**YOUR ASSIGNMENT:** The reply must consist of the complete listing, reproduced exactly, with no images included.

Start of DATA SEGMENT

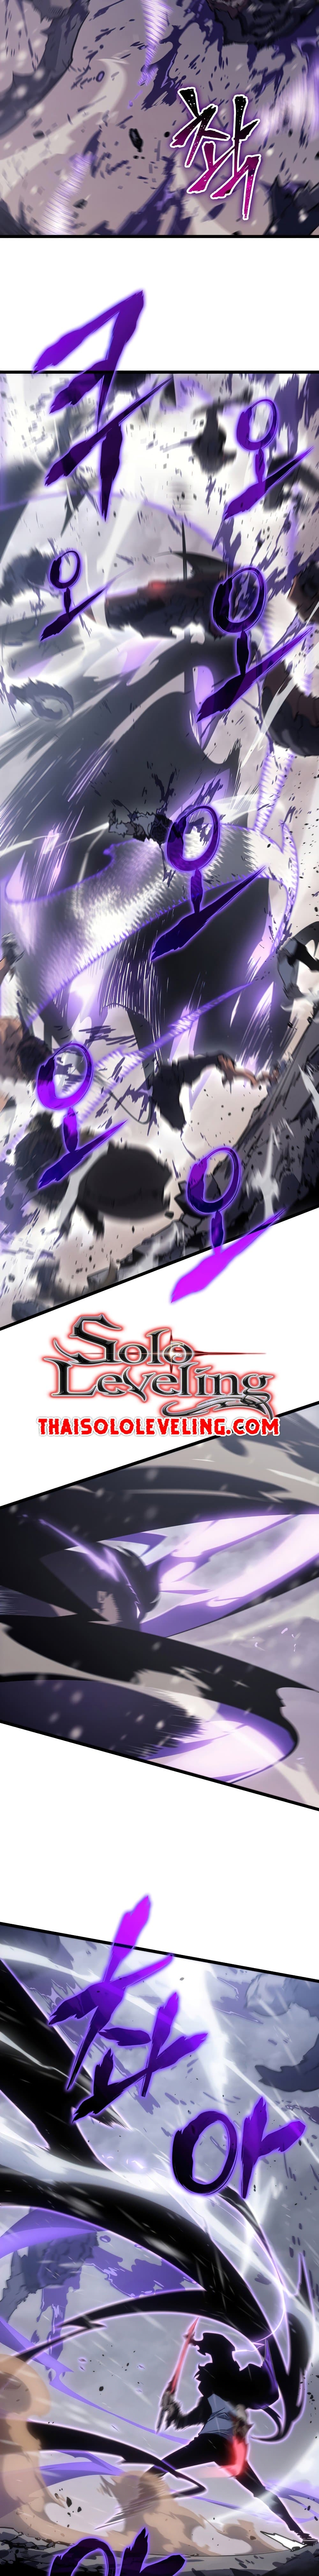 Solo Leveling 172 TH
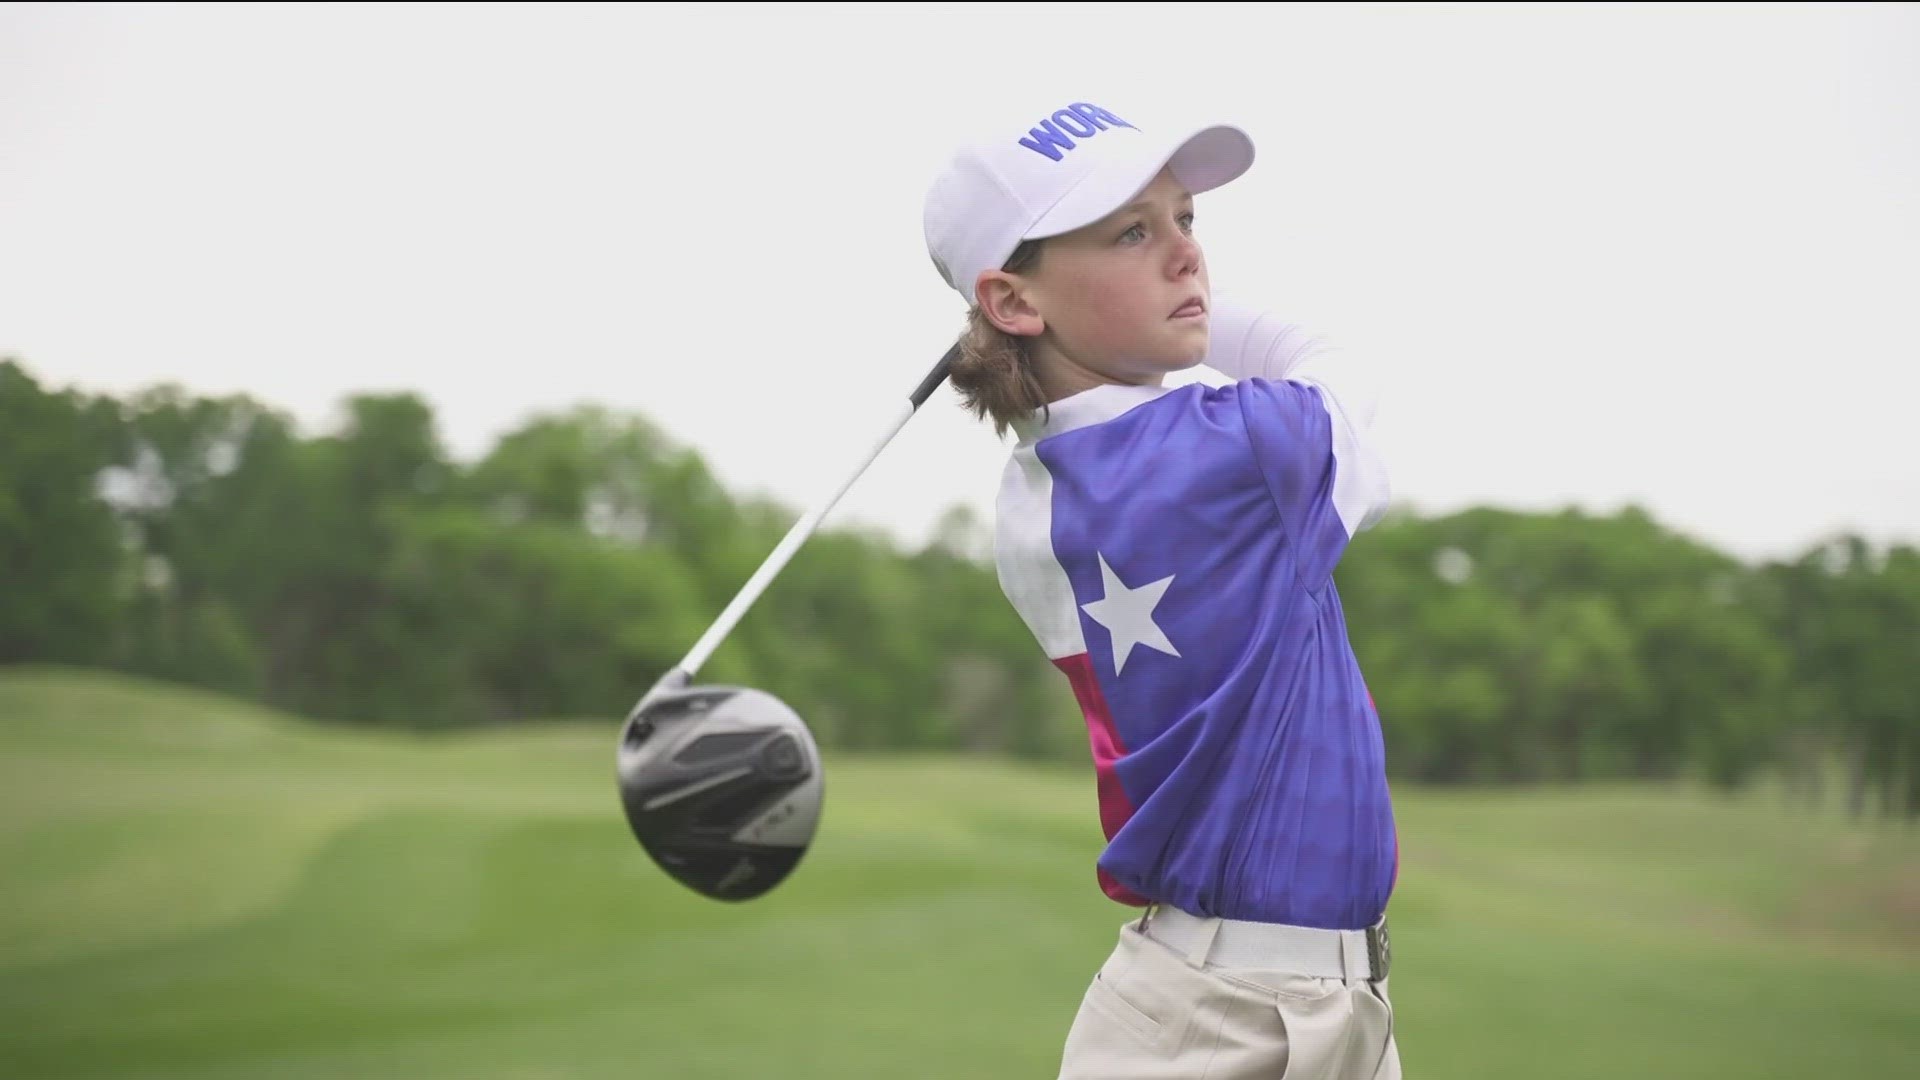 Golfing prodigy Texas Terry won the U.S. Kids Golf World Championship at just 8 years old. Now 11, Texas is headed to Augusta.
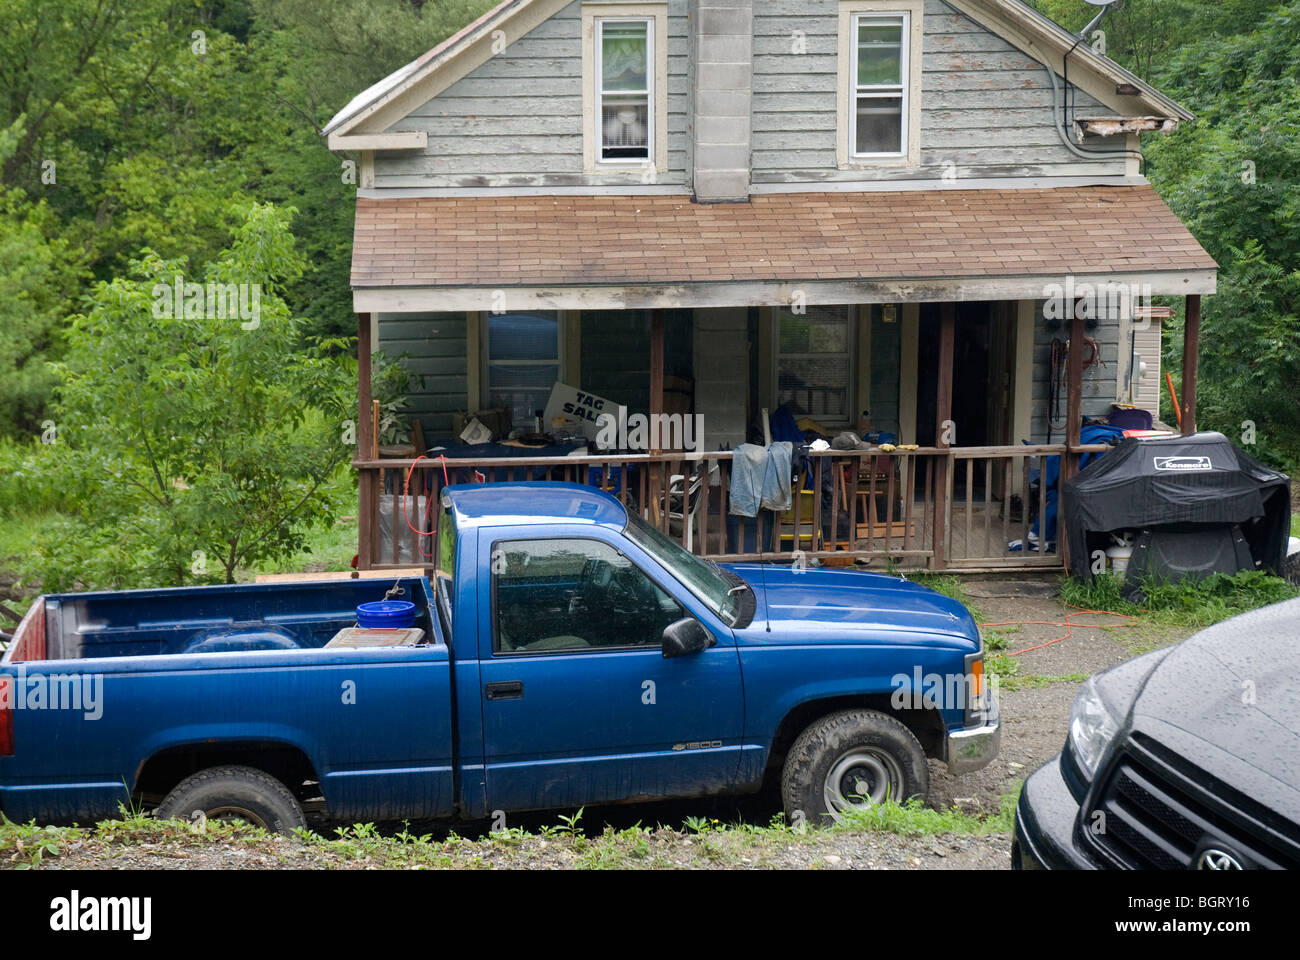 Rural American house with porch and tag sale & pick-up truck Stock Photo

End of DATA SEGMENT

**OUTPUT BELOW:**
 Solo Leveling 172 TH
 Golfing prodigy Texas Terry won the U.S. Kids Golf World Championship at just 8 years old. Now 11, Texas is headed to Augusta.
 Rural American house with porch and tag sale & pick-up truck Stock Photo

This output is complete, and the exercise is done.